## INSTRUCTIONS TO FOLLOW
Please transcribe the data that follows without the pictures, keeping every word the same.

## RECORDED DATA
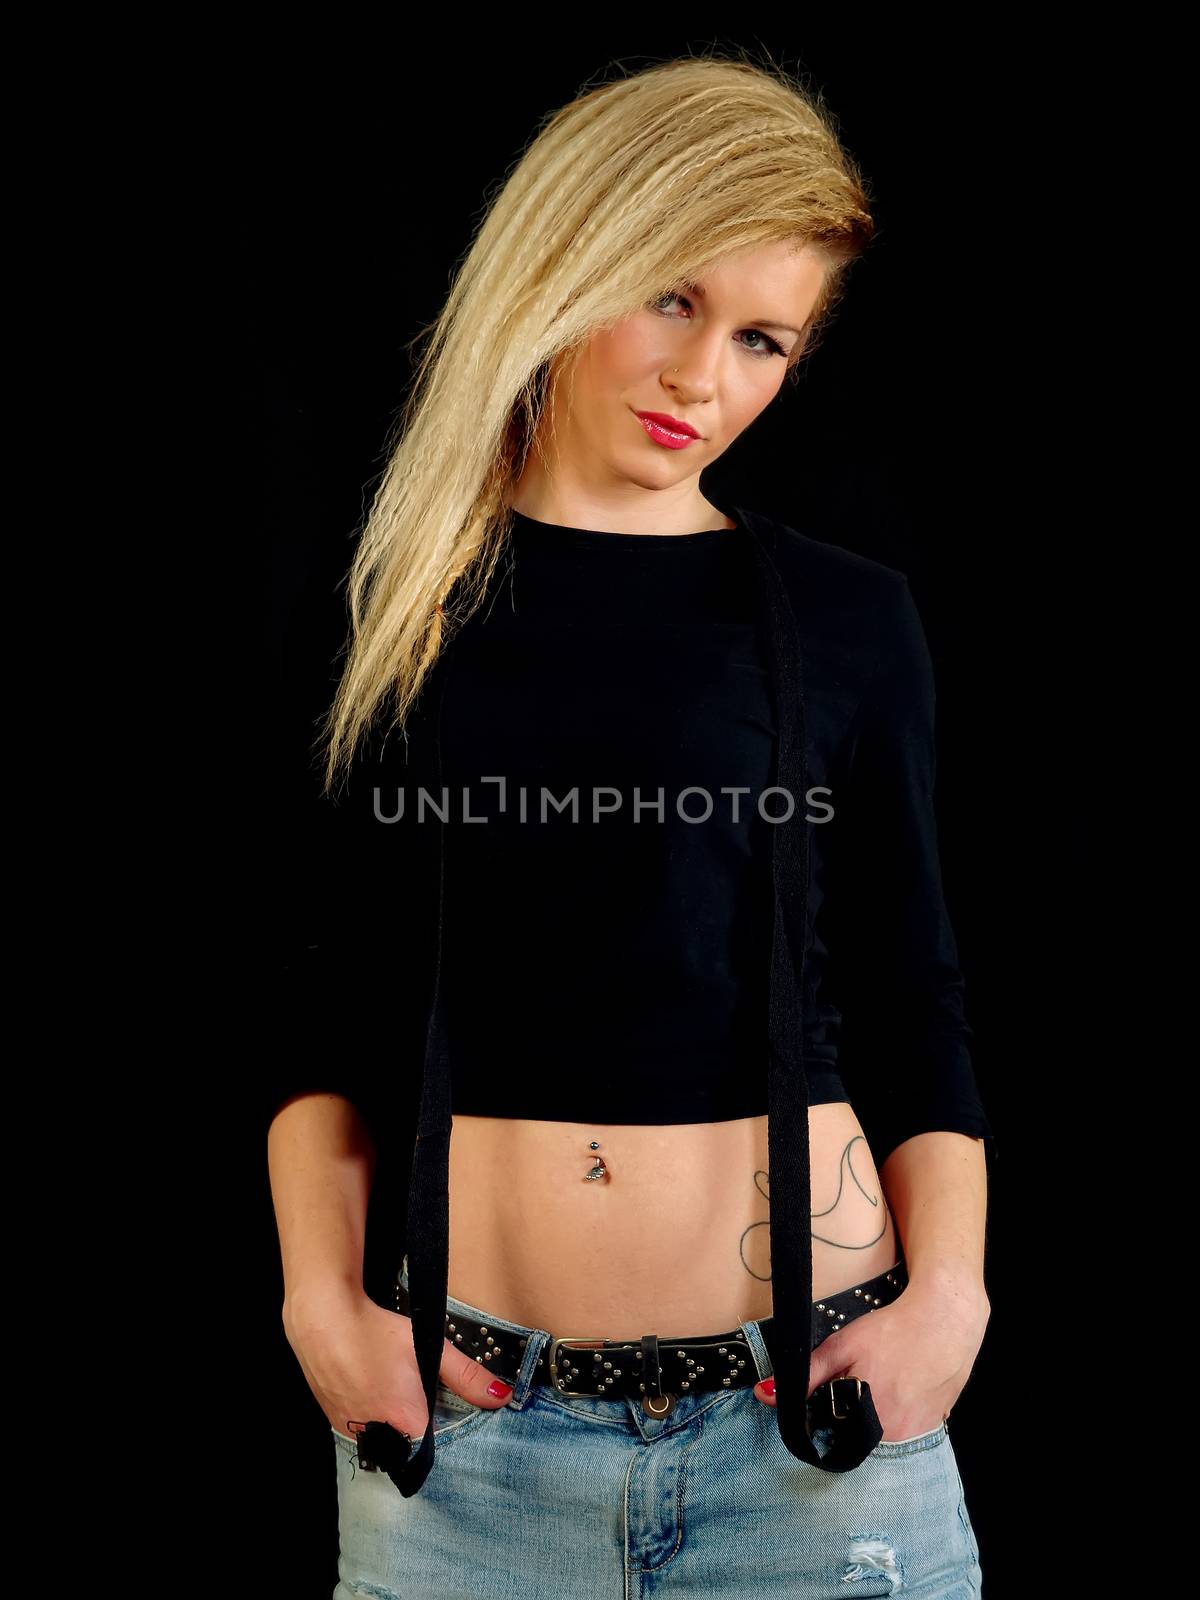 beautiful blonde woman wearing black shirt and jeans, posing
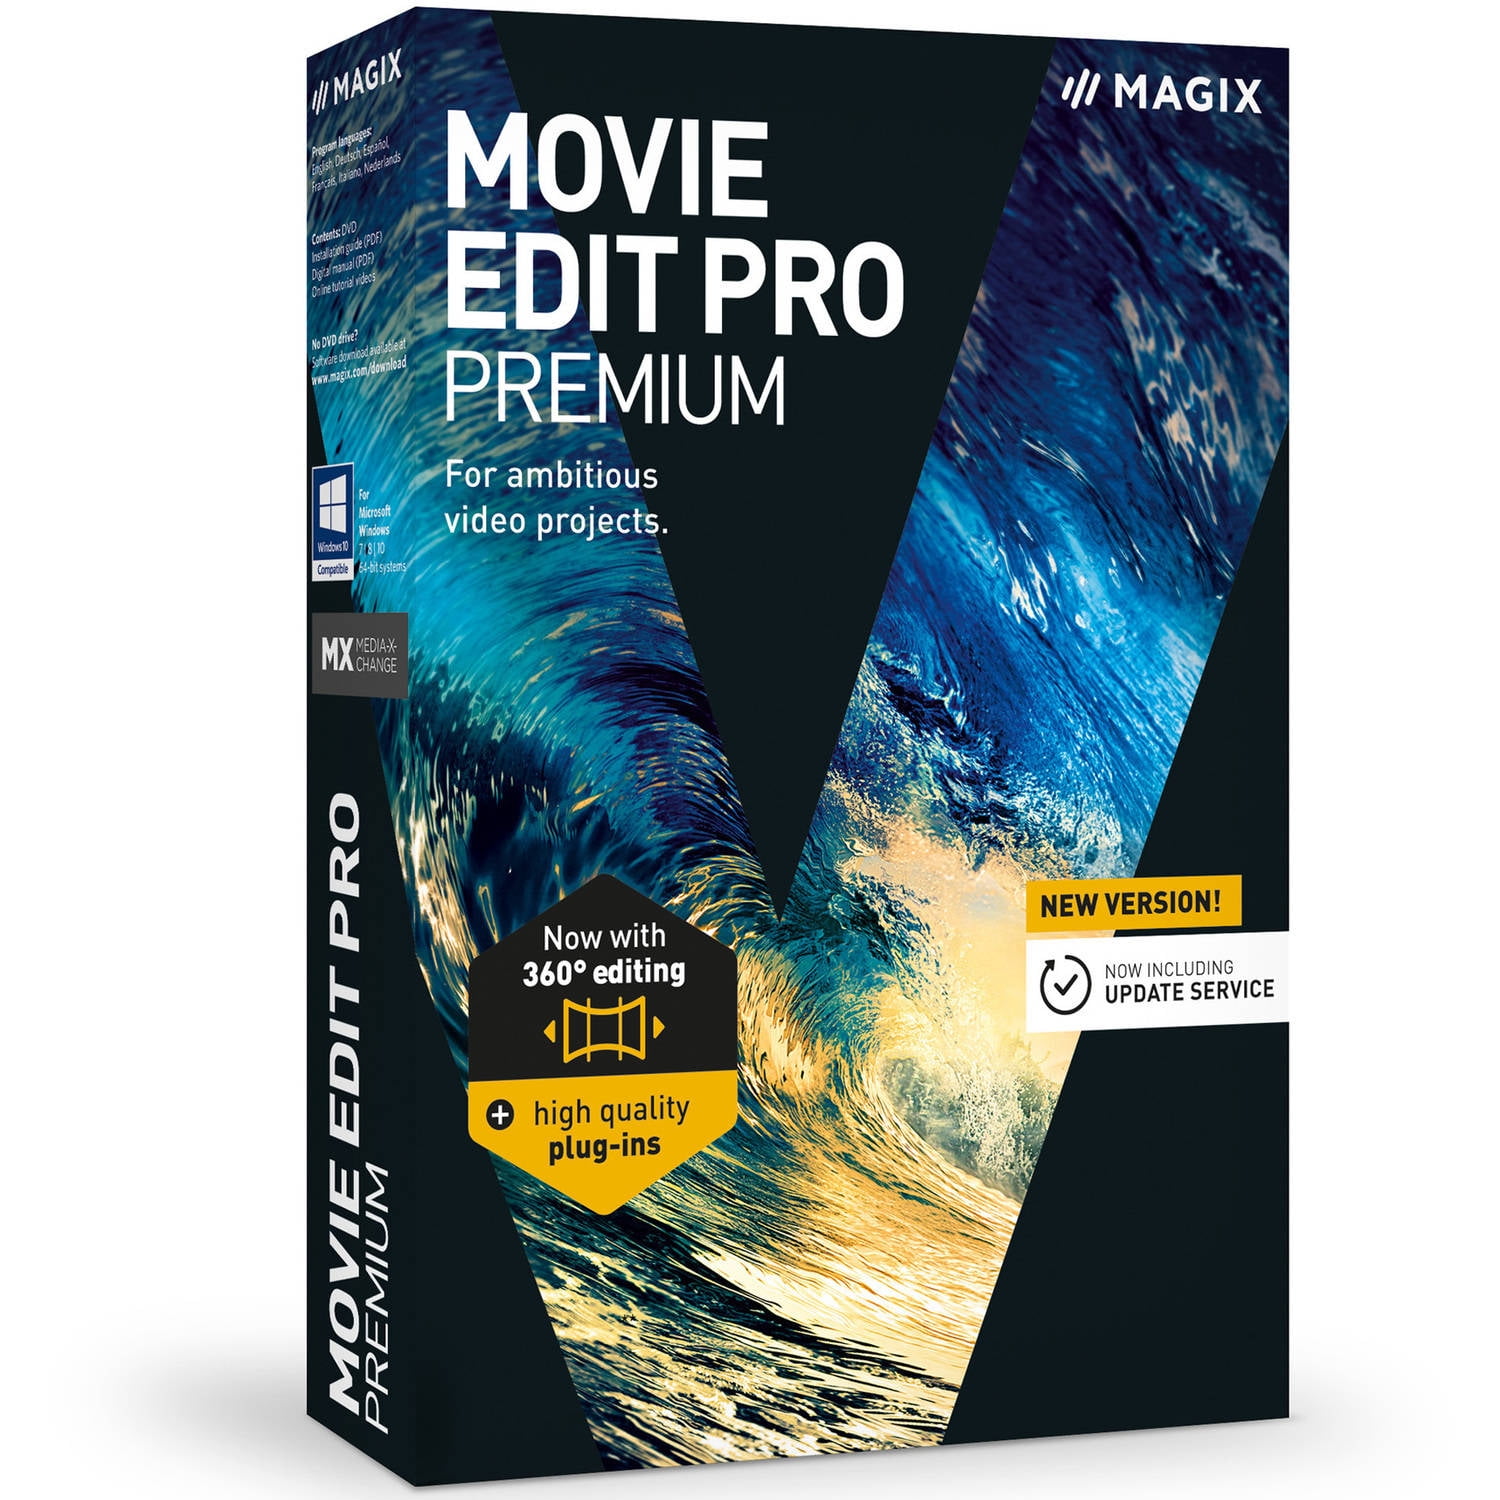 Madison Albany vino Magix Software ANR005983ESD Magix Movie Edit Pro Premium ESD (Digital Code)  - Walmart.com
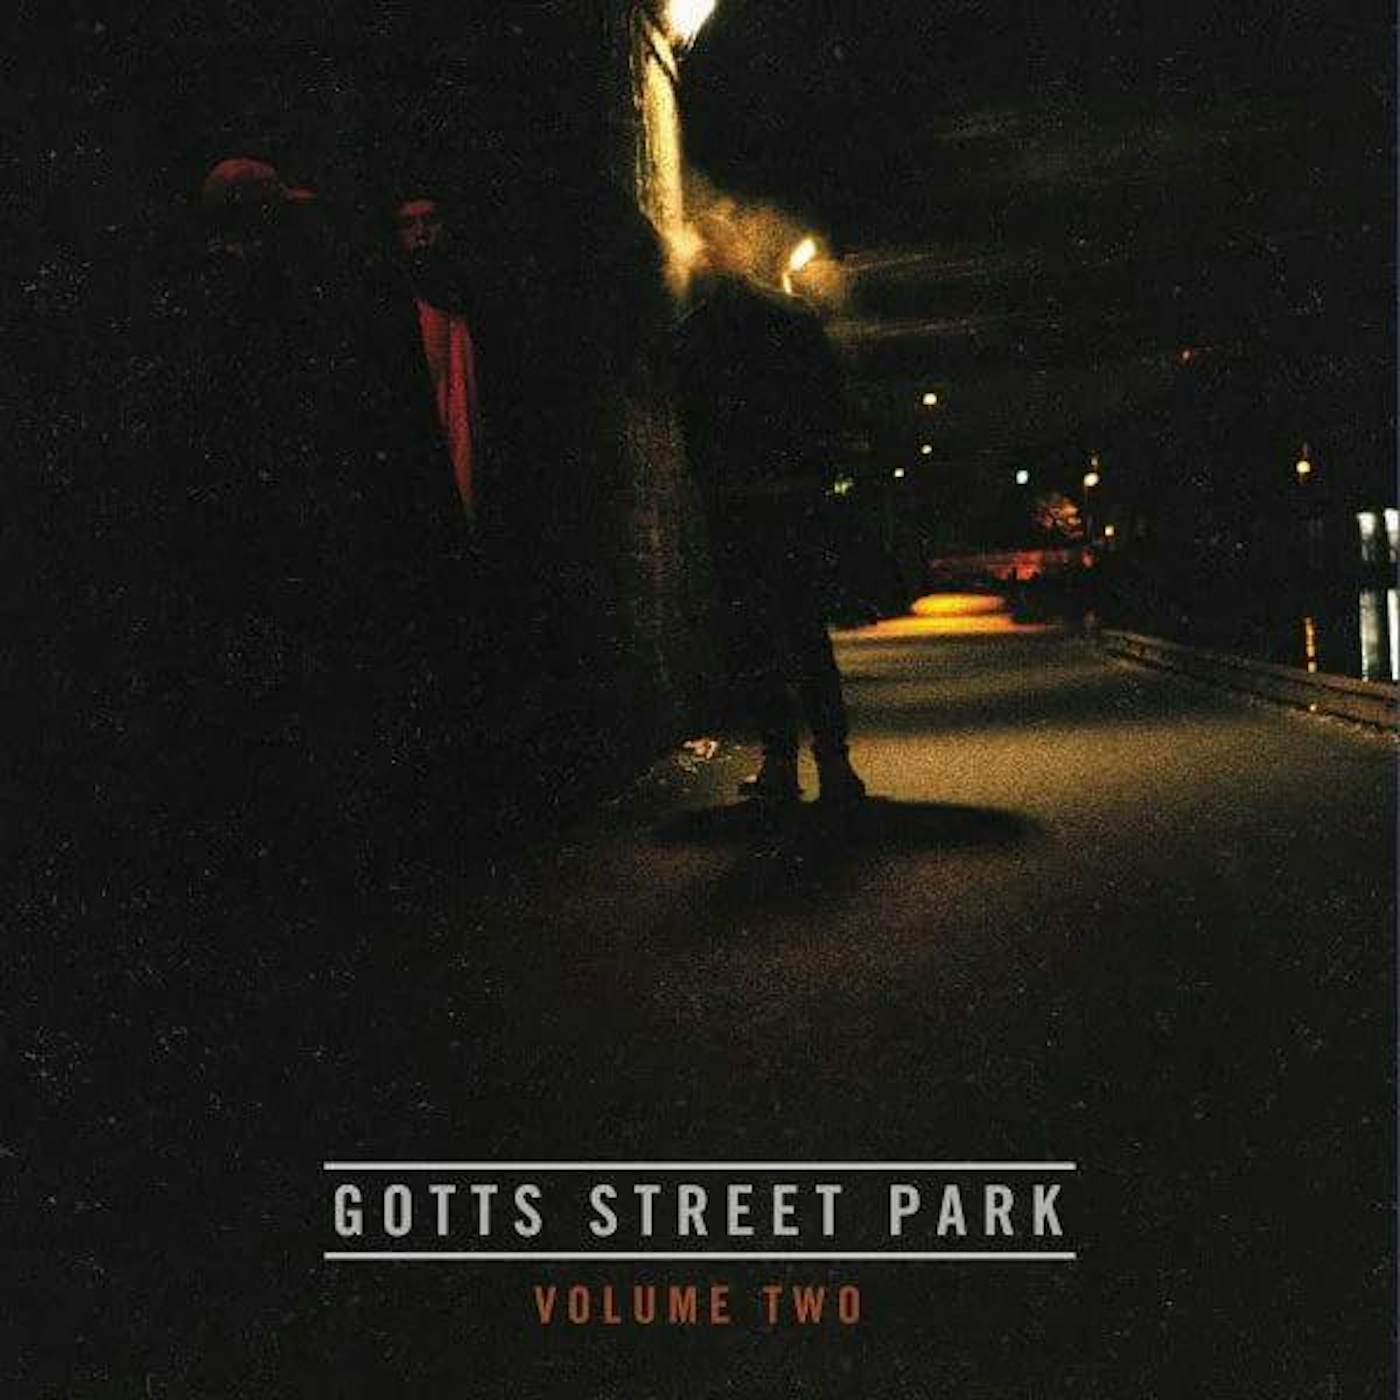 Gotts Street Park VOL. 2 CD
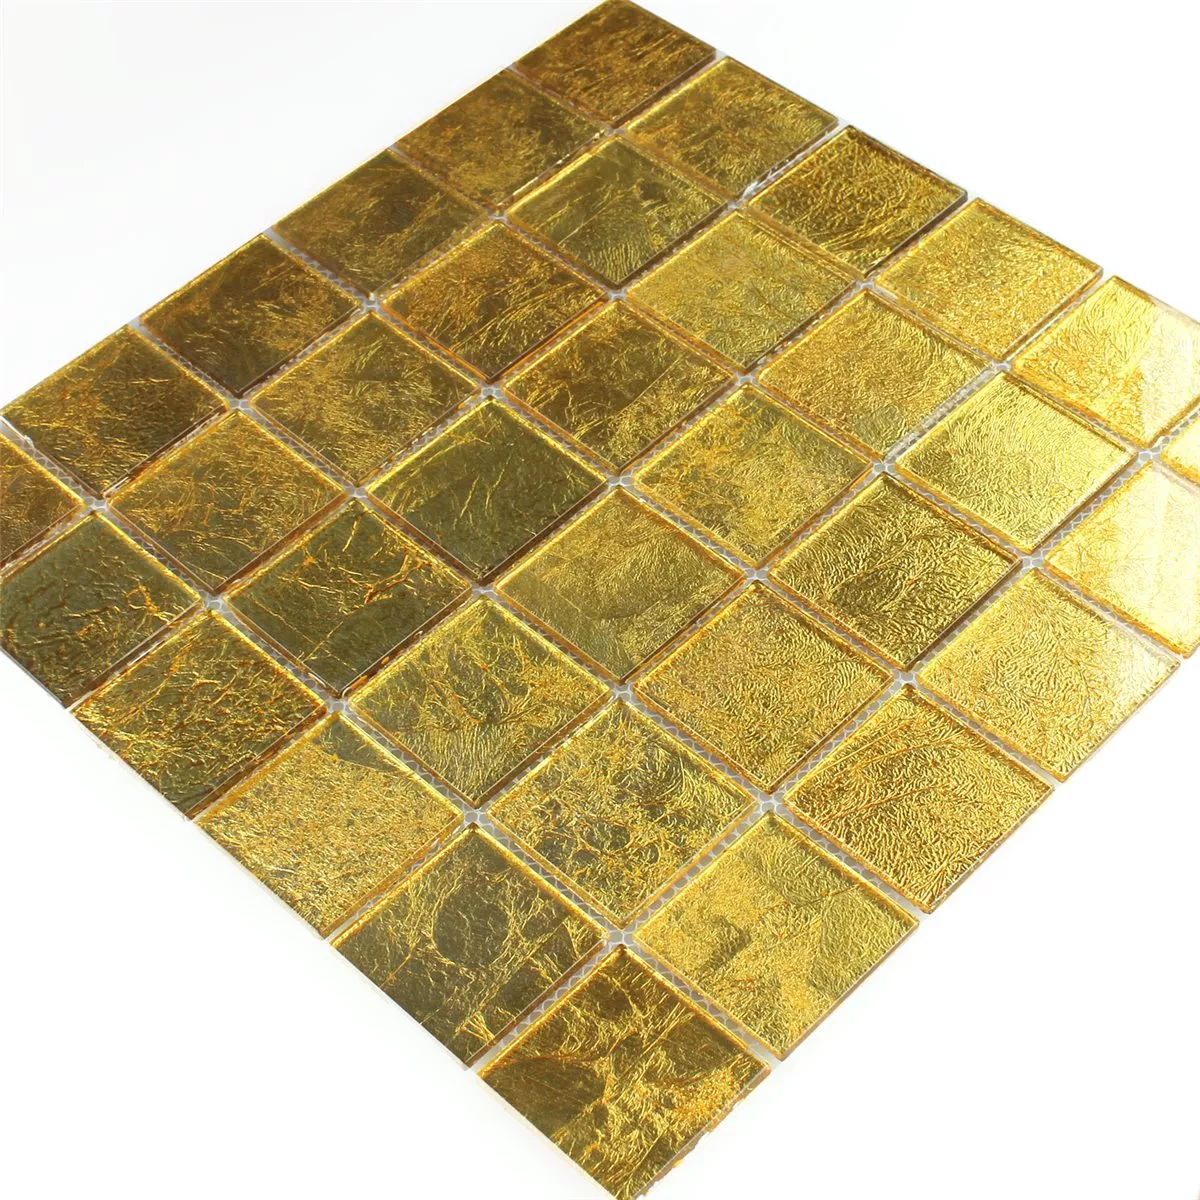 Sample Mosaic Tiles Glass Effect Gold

## RESULT OF THE EXERCISE
 beautiful blonde woman wearing black shirt and jeans, posing
 Madison Albany vino Magix Software ANR005983ESD Magix Movie Edit Pro Premium ESD (Digital Code)  - Walmart.com
 Gotts Street Park VOL. 2 CD
 Sample Mosaic Tiles Glass Effect Gold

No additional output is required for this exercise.